Understanding the countable ordinals up to $\epsilon_{0}$

Question

in a recent MO question, link, discussing the current foundations of mathematics, the author linked a video lecture by Prof. Voevodsky, which argues against the principle of $\epsilon_{0}$-induction used in Gentzen's proof of the consistency of PA.

In discussions arising from the question, some people commented that imagining an infinite descending chain in $\epsilon_{0}$ is "crazy".

I would like to understand better this ordinal, since I actually don't know exactly how to depict it in my mind.

I have clear in my mind the order associated with the finite ordinals. I use in my mind a notation of the following kind:

$1 = I$

$2= II$

$3= III$

$4= IIII$

$\omega = (III\dots)$

$\omega+1= (III\dots)I$

$\omega +2 = (III\dots)II$

$\omega + \omega= \omega \cdot 2= (III\dots)(III\dots)$

In general I understand $\alpha + \beta$ as the juxtaposition of the two representations.

$\omega\cdot 3 = (III\dots)(III\dots)(III\dots)$

$\omega\cdot \omega = \omega^{2} = \big( (III\dots)(III\dots)(III\dots)\dots\big)$

In general I understand $\alpha \cdot \beta$, by replacing each $I$ symbol in $\beta$ with the representation of $\alpha$. So

$\omega^{3}=\omega^{2}\cdot \omega = \big( \omega^{2} \omega^{2} \omega^{2} \dots \big)$

This allows me to visualize every ordinal of the form $\omega^{n}\cdot m + k$, with $n,m,k$ naturals (i.e finite ordinals). So far I have absolutely no doubt that there are no infinite descending chain in ordinals of the form $\omega^{n}\cdot m + k$.

However I start having problem with the ordinal $\omega^{\omega}= \bigsqcup_{n<\omega}\omega^{n}$. Do you have any idea on how to visualize $\omega^{\omega}$ is a way consistent with the representation used above (which i actually found here) ?

Anyway, looking at wikipedia, I still manage to visualize $\omega^{\omega}$ as the set of infinite strings of natural number, having only finitely many digits different from $0$.

Still I have no doubt that there are no infinite descending chain in $\omega^{\omega}$.

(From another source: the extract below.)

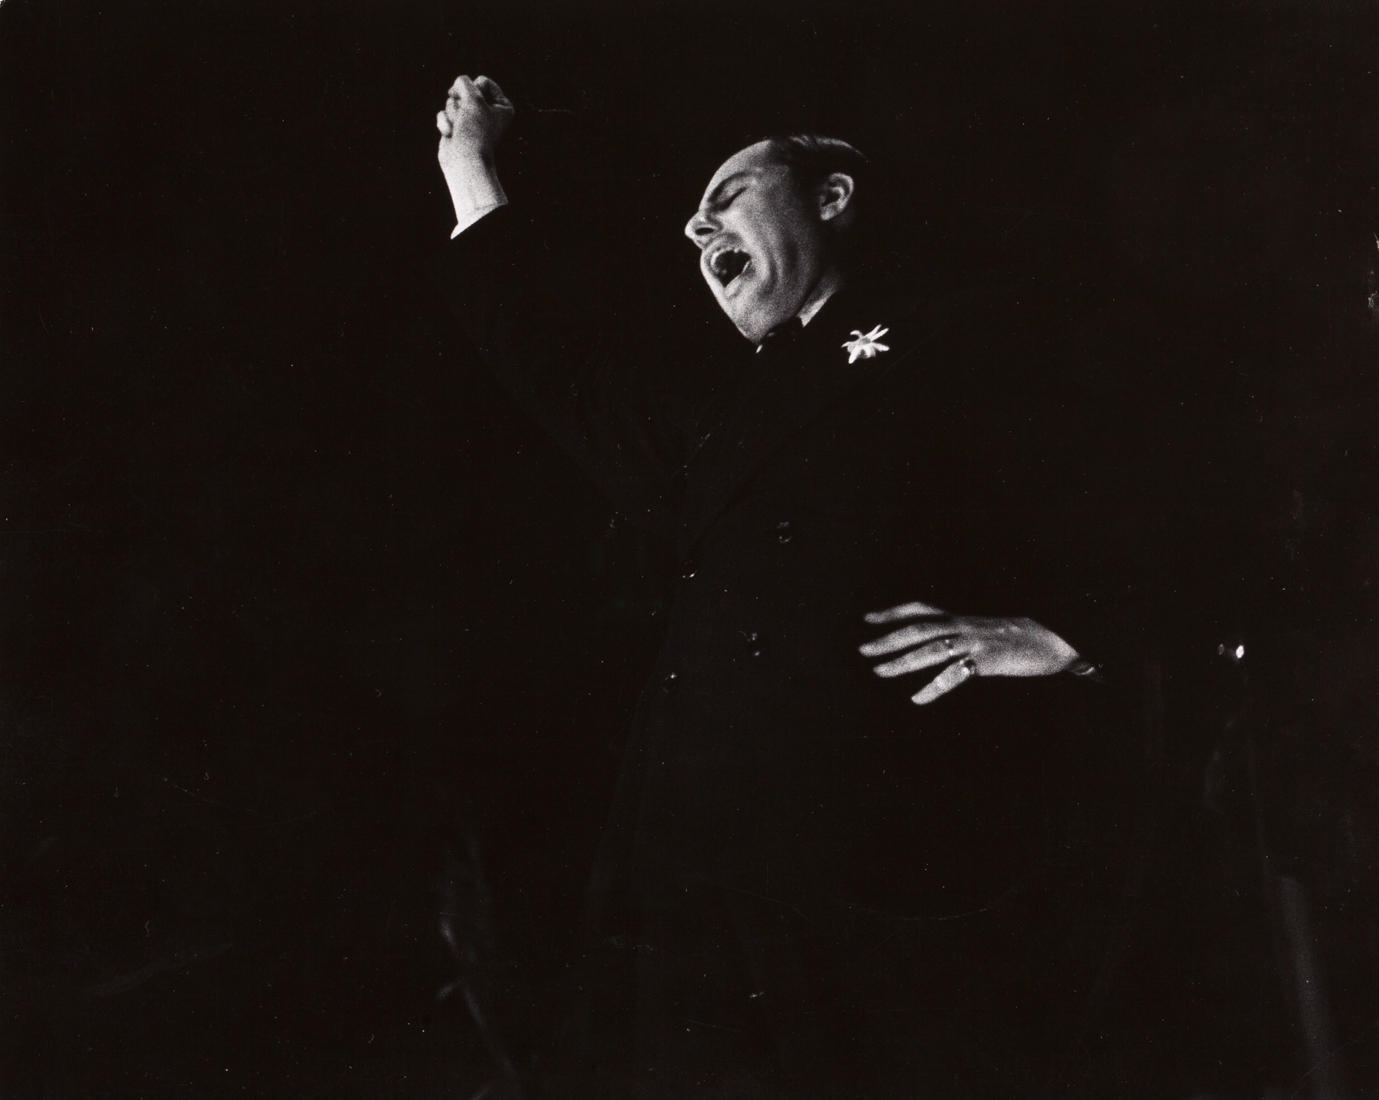 Léon Degrelle campaigning, Brussels by Robert Capa, 1937

Perhaps i might be able to understand $\omega^{\omega^{\omega}}$, namely the set of infinite strings labeled with elements of $\omega^{\omega}$, having only finitely many elements different from $0$. Or (i guess) equivalently a $\omega\times\omega$ square labeled with naturals, where only finitely many columns are different from $0^{\omega}$, and all of these non constant-$0$ columns, contains only finitely many digits different from $0$.

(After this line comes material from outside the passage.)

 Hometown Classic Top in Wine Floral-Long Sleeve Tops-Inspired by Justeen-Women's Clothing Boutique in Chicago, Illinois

However I do not know how to visualize $\epsilon_{0}$. I mean I know that the elements of $\epsilon_{0}$ can be represented by finite-branching finite trees labeled with natural numbers, but that doesn't give me a strong intuition about the fact that no infinite chain exists, so I guess its not a great picture (or at least I do not understand it properly, yet).

Questions

A) Could you suggest a way to visualize $\omega^{\omega^{\omega}}$? It should be in such a way to convince me about the fact that there are no infinite down-chain.

B) Could you suggest a way to visualize $\epsilon_{0}$, again arguing that it should be very clear that there are no infinite down-chain.

C) Could you please state your opinion about Prof. Voevodsky, which argues against the principle of $\epsilon_{0}$-induction used in Gentzen's? This shouldn't be a duplicate of the previous, wider thread link, I'm only interested in this little bit of Voevodsky's talk.

Thank you in advance,

bye

matteo

Answer 1

The standard way to visualize $\epsilon_0$ is by the Hydra game. Here the elements of $\epsilon_0$ are visualized as isomorphism classes of rooted finite trees. The inequality can be described by the "cutting off heads" rule: The tree $T_1$ is greater than $T_2$ is there is a series of head cuttings which reduces $T_1$ to $T_2$. Writing out the inequality relationship between trees directly is a pain, see my blogpost. If you turn those nested sets into trees in the obvious way, you get the Hydra game.

I am told that most people do not find it intuitive that the Hydra game ends. I find that, once I've played a few rounds (try this applet) I find it "obvious", although writing down an actual proof is still painful.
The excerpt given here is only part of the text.